I'm using the query:
select
SGB_ID,
max(SGB_TERM_CODE_EFF)max_term,
SGB_TYP_CODE
from SGB
group by
SGB_ID,
SGB_TYP_CODE
order by 1
I'm getting multiple rows, as the SGB_TYP_CODE has different values. I just want the result from the maximum term.

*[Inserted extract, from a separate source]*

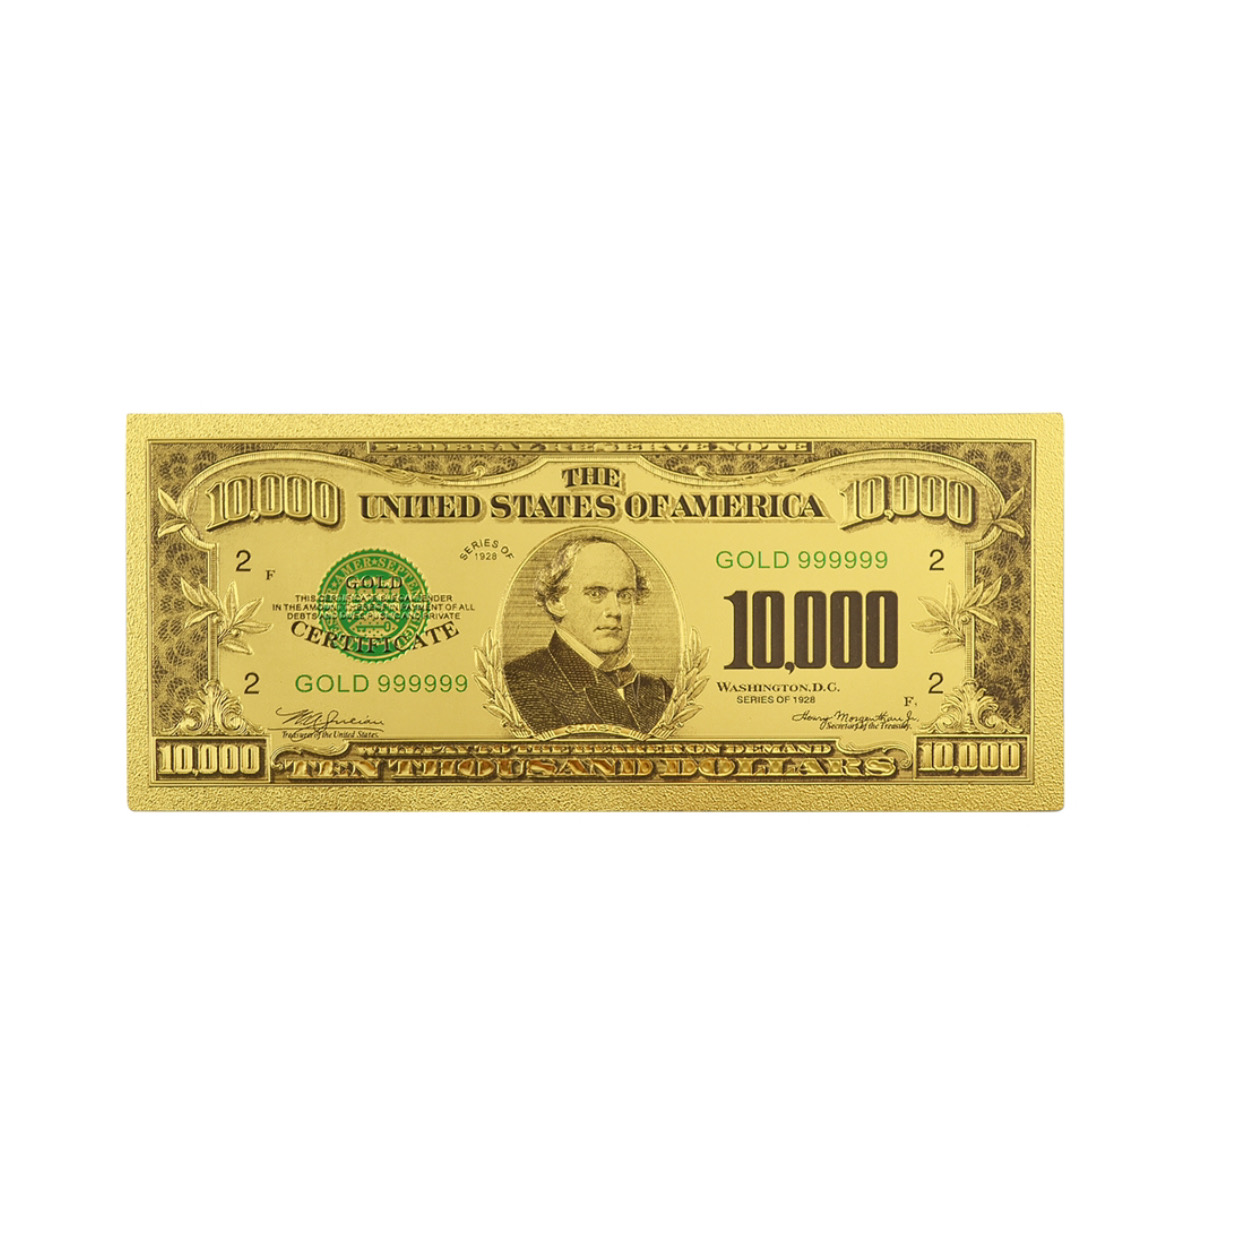 24K GOLD COMMEMORATIVE MILLION DOLLAR BILL ART COLLECTIBLE USA US  money display

I've tried using 'keep dense_rank', but I can't get it to work.
Thanks.
Here is how to do that with MAX()...KEEP():
SELECT sgb_id,
MAX (sgb_term_code_eff) max_term,
MAX (sgb_typ_code)
KEEP ( DENSE_RANK FIRST
ORDER BY sgb_term_code_eff DESC ) sgb_typ_code
FROM sgb
GROUP BY sgb_id
ORDER BY 1
Full example:
with sgb ( sgb_id, sgb_term_code_eff, sgb_typ_code ) AS
( SELECT 1, 'A', 'ACODE' FROM DUAL UNION ALL
SELECT 1, 'B', 'BCODE' FROM DUAL UNION ALL
SELECT 1, 'Z', 'ZCODE' FROM DUAL UNION ALL
SELECT 1, 'D', 'DCODE' FROM DUAL UNION ALL
SELECT 2, 'A', 'ACODE' FROM DUAL UNION ALL
SELECT 2, 'Q', 'QCODE' FROM DUAL UNION ALL
SELECT 2, 'Q', 'QCODE' FROM DUAL UNION ALL
SELECT 3, 'A', 'ACODE' FROM DUAL )
SELECT sgb_id,
MAX (sgb_term_code_eff) max_term,
MAX (sgb_typ_code) KEEP ( DENSE_RANK FIRST ORDER BY sgb_term_code_eff DESC ) sgb_typ_code
FROM sgb
GROUP BY sgb_id
ORDER BY 1
SGB_ID MAX_TERM SGB_TYP_CODE
-------------------------------------- -------- ------------
1 Z ZCODE
2 Q QCODE
3 A ACODE